Менехм, казалось, не слушал его: в эту минуту он сосредоточенно ваял несколько складок одежды мужчины. Бом! Бом! Вдруг он заговорил, но так, будто обращался к мрамору. Его грубый неровный голос, отдаваясь эхом, марал стены мастерской.
– Да, для многих эфебов я – наставник… Думаешь, Гераклес, нашей молодежи наставники не нужны? Разве… – Казалось он использует нараставшее раздражение для усиления удара: бом! – …разве мир, который они унаследуют, приятен? Посмотри вокруг!.. Наше афинское искусство… Какое искусство?… Раньше в фигурах была сила: мы подражали египтянам, которые всегда были гораздо мудрее нас!.. – Бом! – А теперь что мы делаем?
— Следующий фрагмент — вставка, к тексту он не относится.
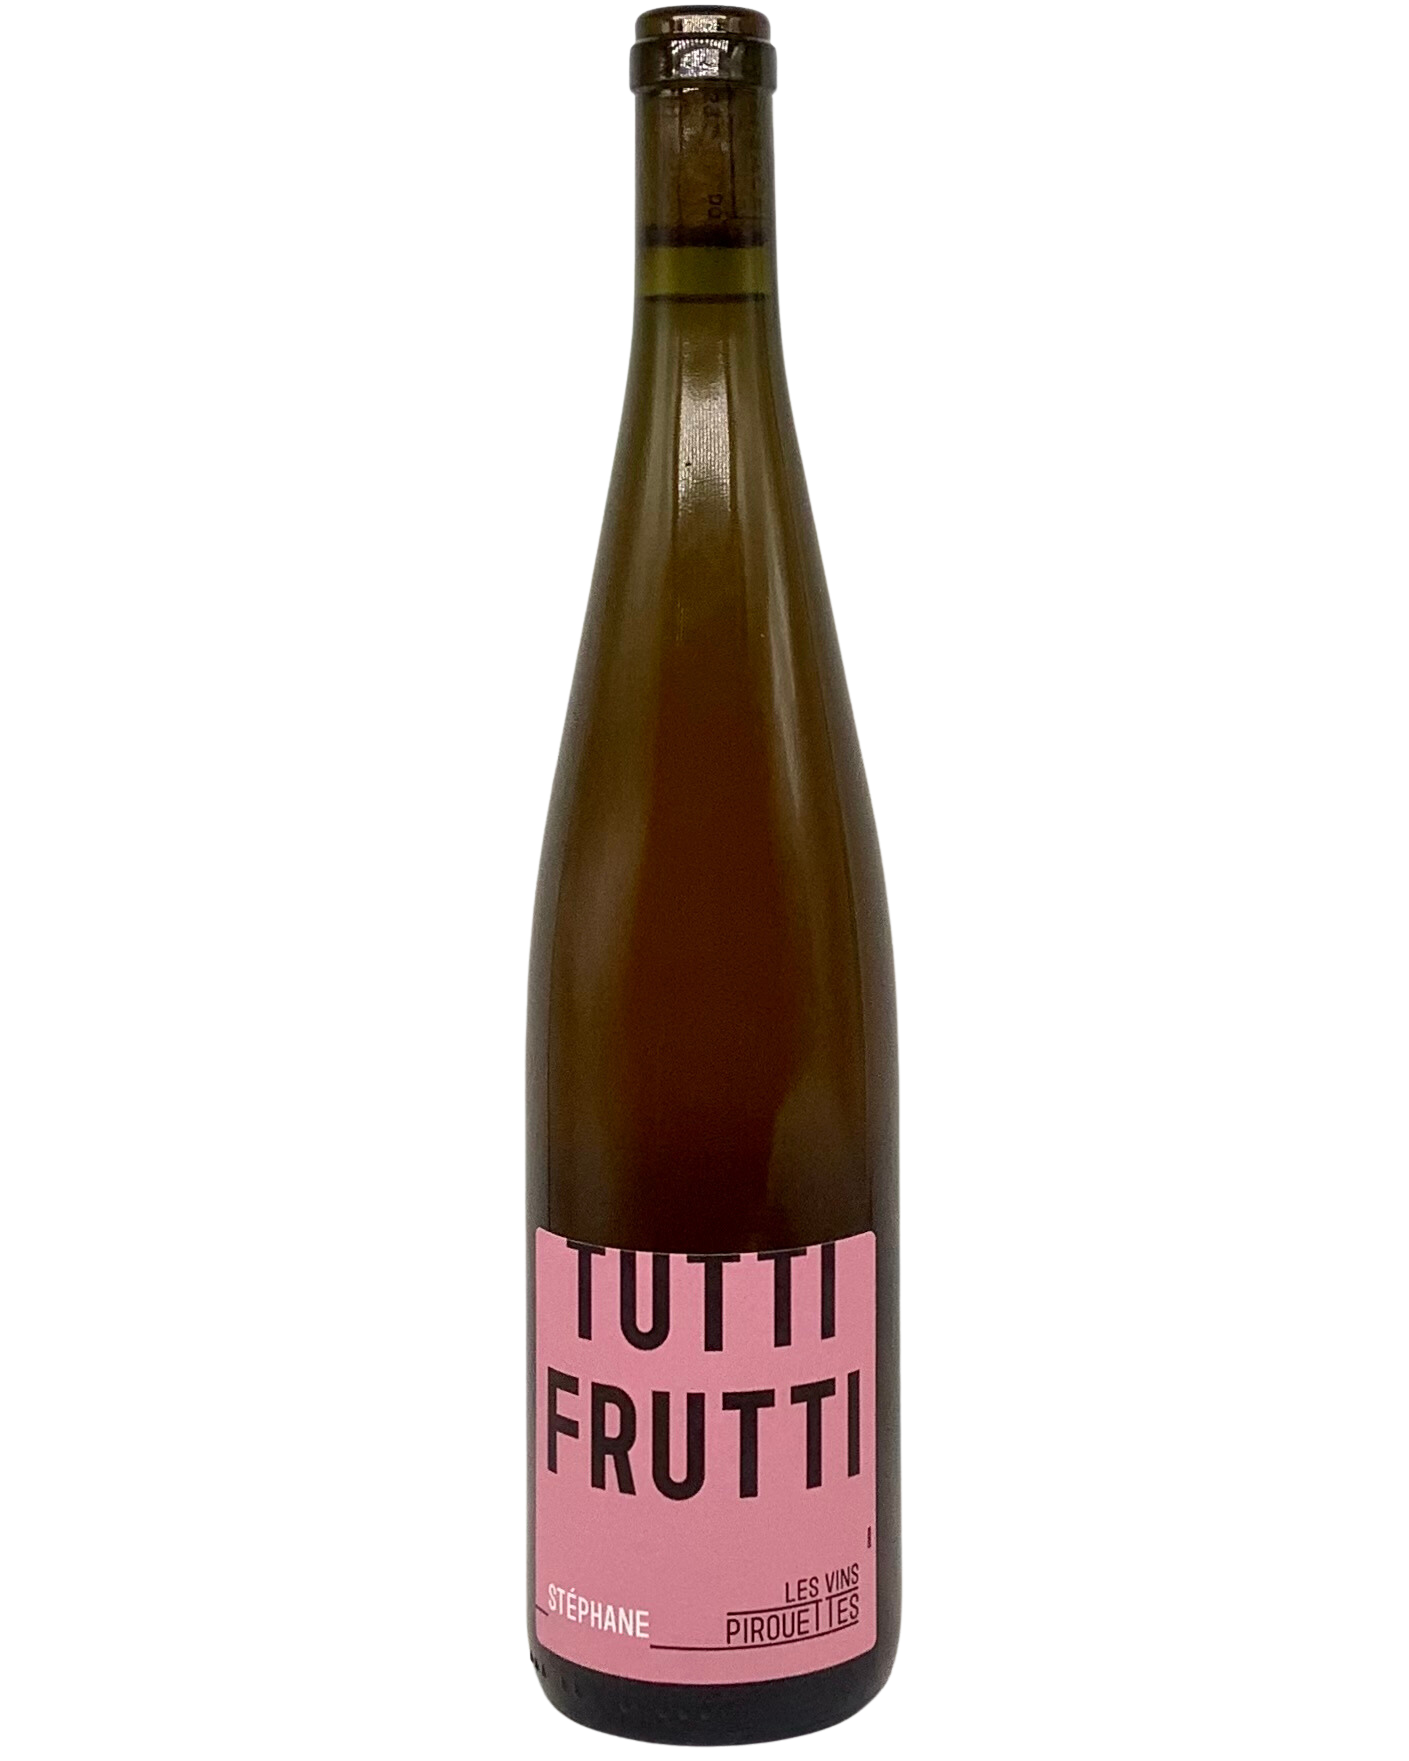 Les Vins Pirouettes "Tutti Frutti de Stéphane" Vin d'Alsace, France 2020 biodynamic newarrival orange organic unfiltered vegan

Рисуем геометрические фигуры, строго подчиняющиеся канону силуэты!.. Мы утратили непосредственность, силу, красоту!.. – Бом-бом! – Ты говоришь, мои статуи не окончены, и это так… Но как ты думаешь почему?… Потому что я не способен творить по правилам канона!..
Гераклес хотел его перебить, но ясное начало его фразы потонуло в грязевом потоке ударов и восклицаний Менехма.
– А театр!.. В былые времена театр был оргией, в которой участвовали боги!.. А во что превратил его Еврипид?… В дешевую диалектику, которая по душе благородным афинским умам!.. – Бом! – Театр – рассудительные размышления вместо священного праздника!.. Сам Еврипид в старости признал это на исходе дней! – Он прервал работу и с ухмылкой обернулся к Гераклесу. – И резко изменил свое мнение…
И он застучал еще сильней, чем прежде, как будто пауза была нужна только для этой, последней фразы, и продолжил:
– Старик Еврипид бросил философию и стал создавать настоящий театр! – Бом! – Помнишь его последнее произведение?… – И он с огромным удовлетворением выкрикнул: – «Вакханки»!.. – Так, будто это слово было драгоценным камнем, который он неожиданно нашел среди обломков.
– Да! – вмешался другой голос. – «Вакханки»! Творение безумца! – Менехм повернулся к Диагору, так возбужденно извергавшему крики, словно предыдущее молчание далось ему ценой огромного усилия. – Еврипид в старости утратил рассудок, как случается со всеми нами, и его театр опустился до непостижимых крайностей!.. Благородный фундамент его вдумчивого разума, старательно искавшего философскую Истину в годы зрелости, со временем пошатнулся… и его последнее творение стало, подобно драмам Эсхила и Софокла, смердящей помойкой, где кишат болезни людской души и льются реки невинной крови! – И, покраснев от своей порывистой речи, он вызывающе взглянул на Менехма.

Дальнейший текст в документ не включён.